DATA SHOWN —
○ ○ ○ ○ ○
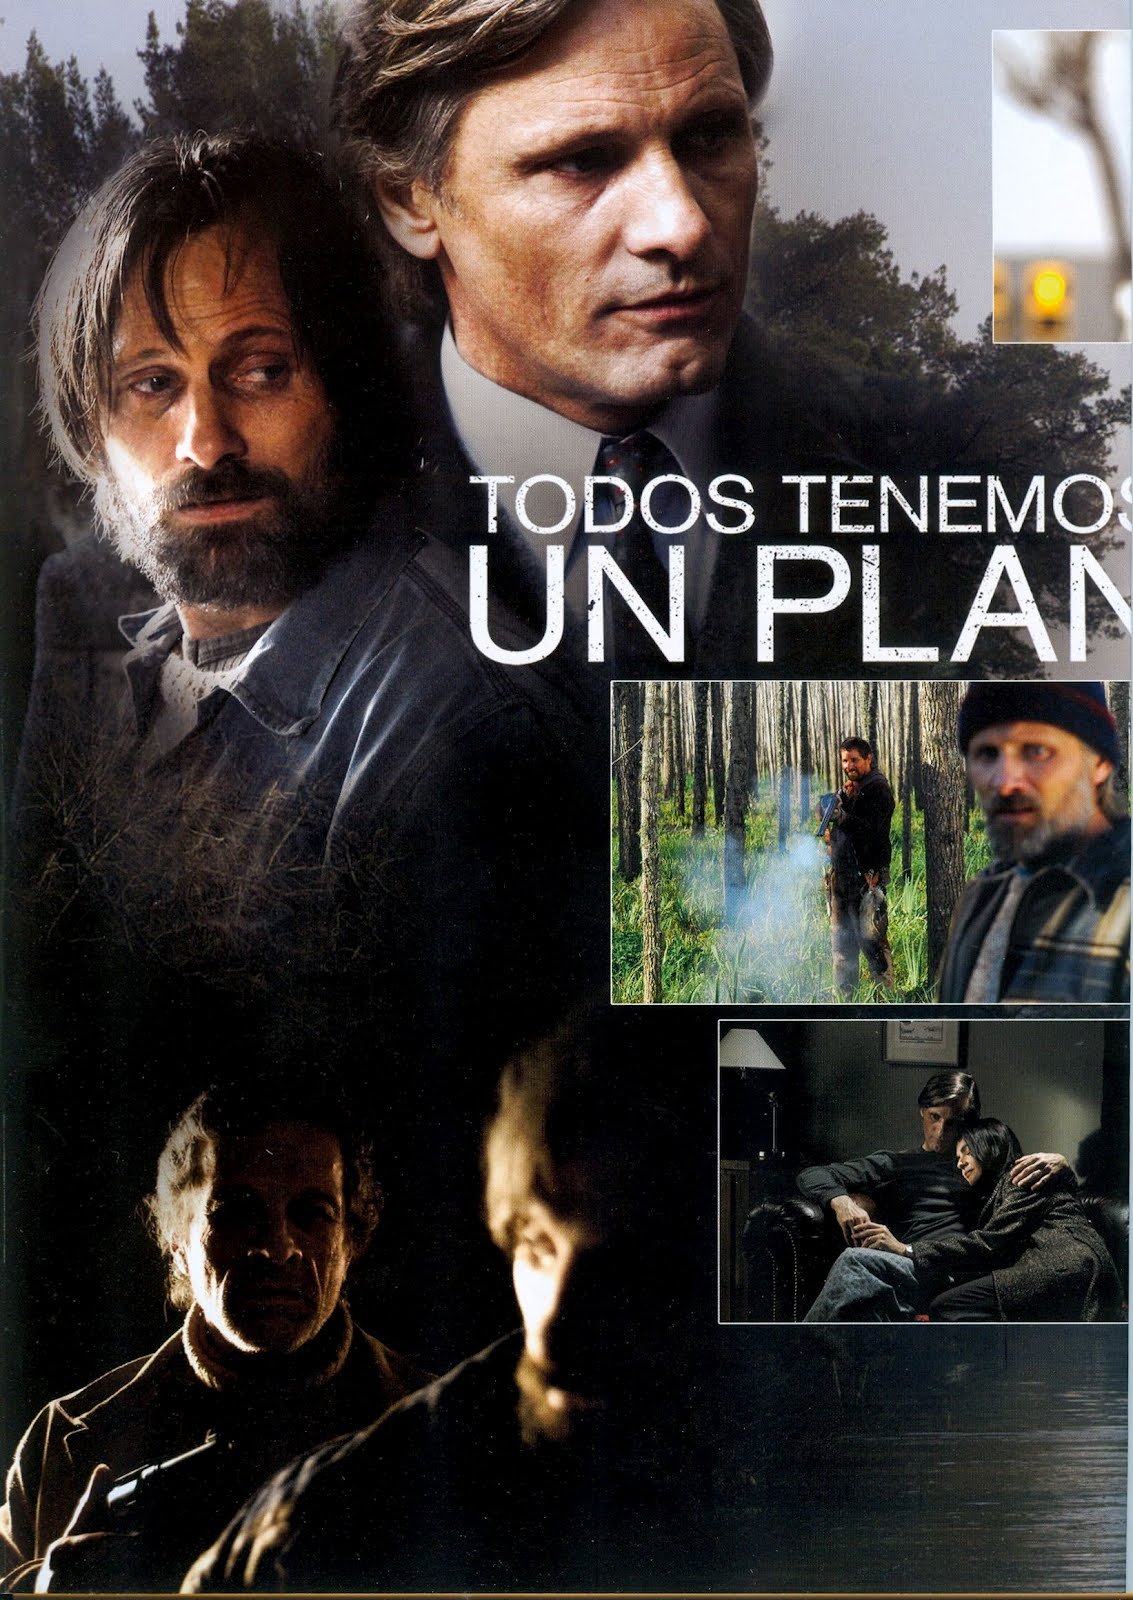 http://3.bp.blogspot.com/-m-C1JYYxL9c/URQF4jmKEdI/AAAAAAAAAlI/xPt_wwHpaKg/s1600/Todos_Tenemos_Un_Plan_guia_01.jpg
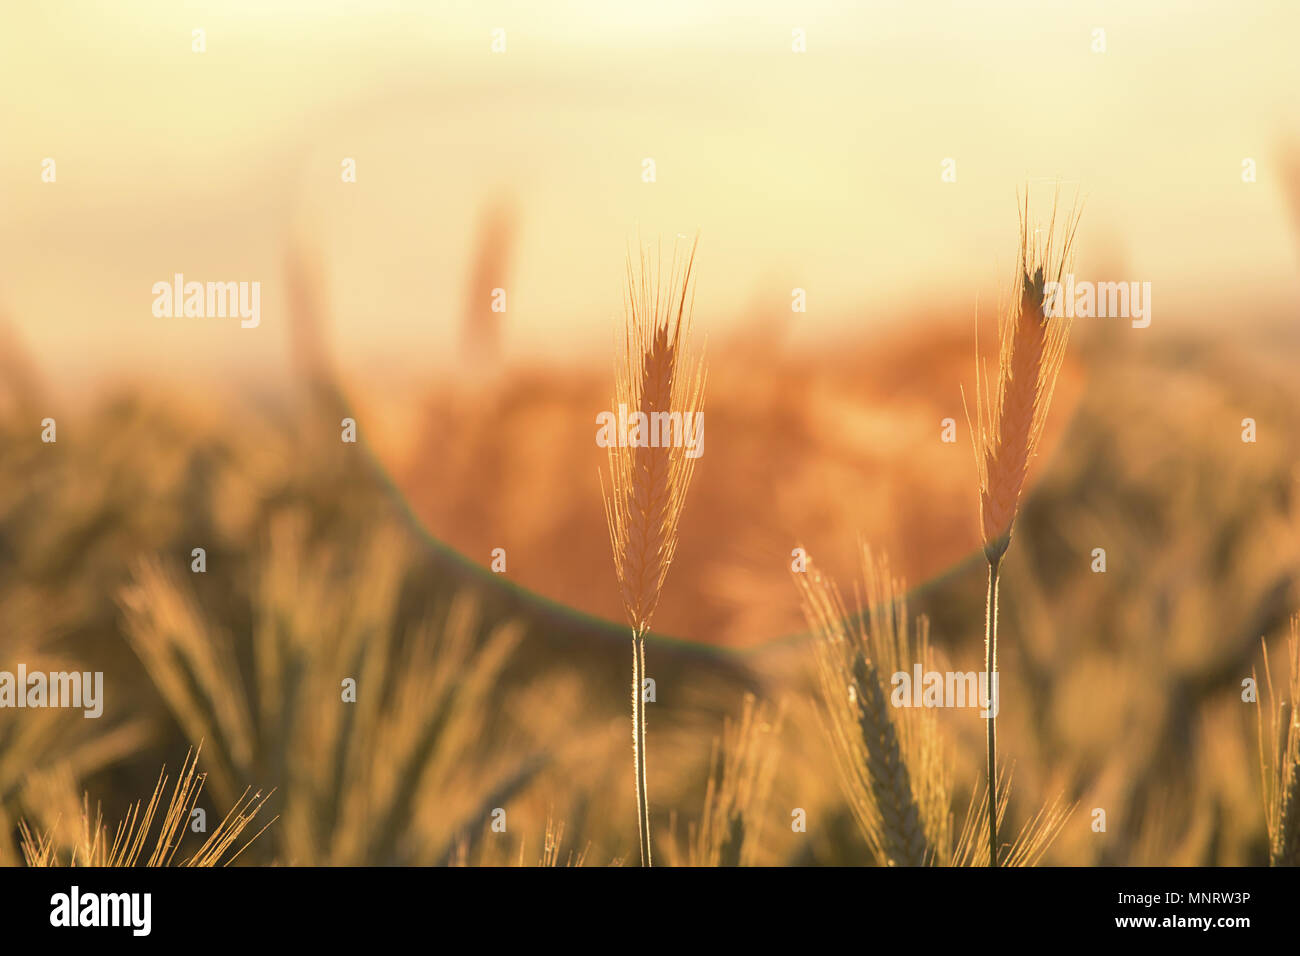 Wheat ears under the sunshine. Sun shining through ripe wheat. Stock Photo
○ ○ ○ ○ ○
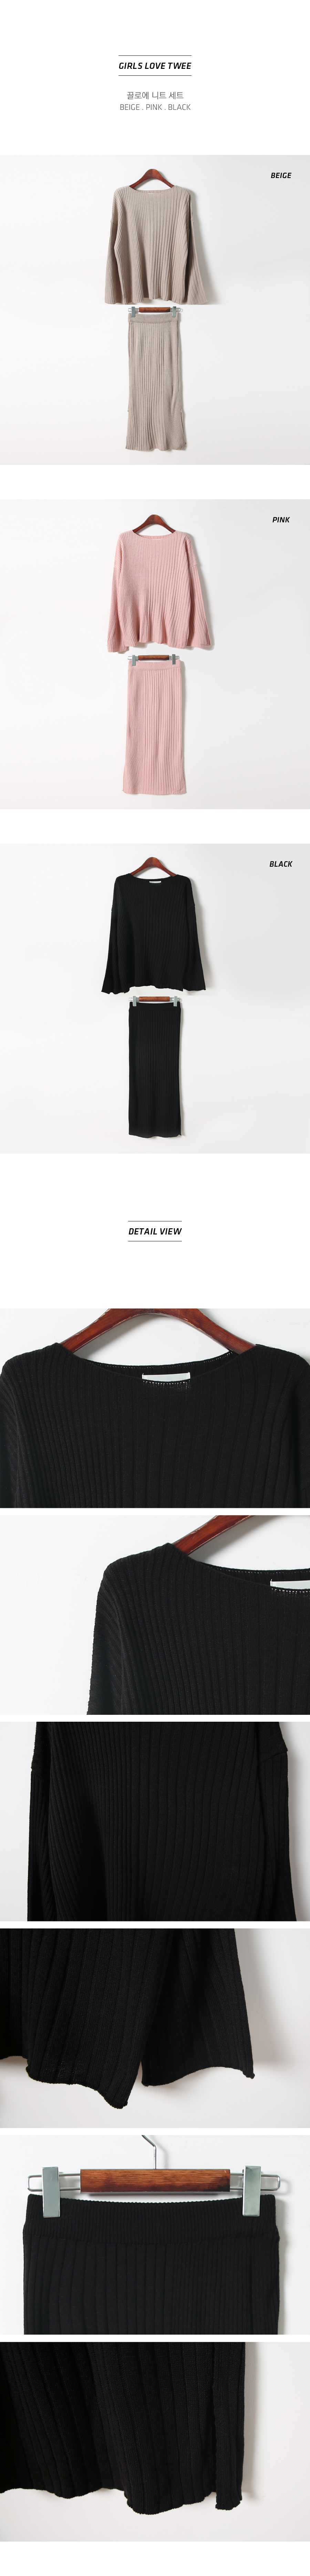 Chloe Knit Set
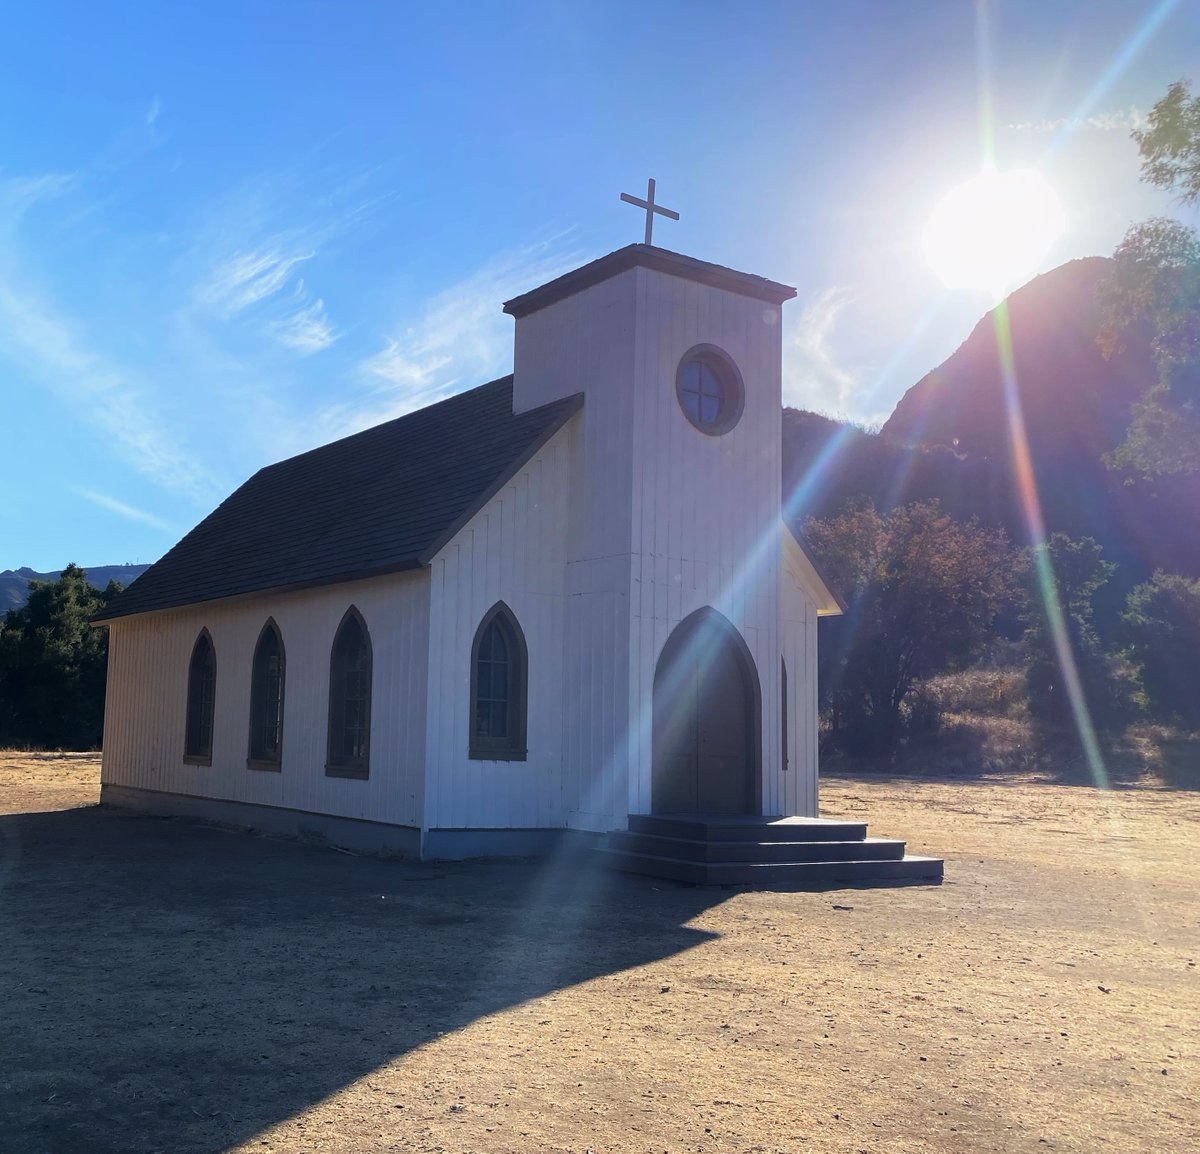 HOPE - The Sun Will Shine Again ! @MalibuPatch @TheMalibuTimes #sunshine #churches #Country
○ ○ ○ ○ ○
WHAT YOU SHOULD DO — Copy word for word the lines above, starting at the line containing "Chloe Knit Set" and ending at the line containing "HOPE - The Sun", inclusive, with no pictures.

TASK OUTPUT —
 Chloe Knit Set
 HOPE - The Sun Will Shine Again ! @MalibuPatch @TheMalibuTimes #sunshine #churches #Country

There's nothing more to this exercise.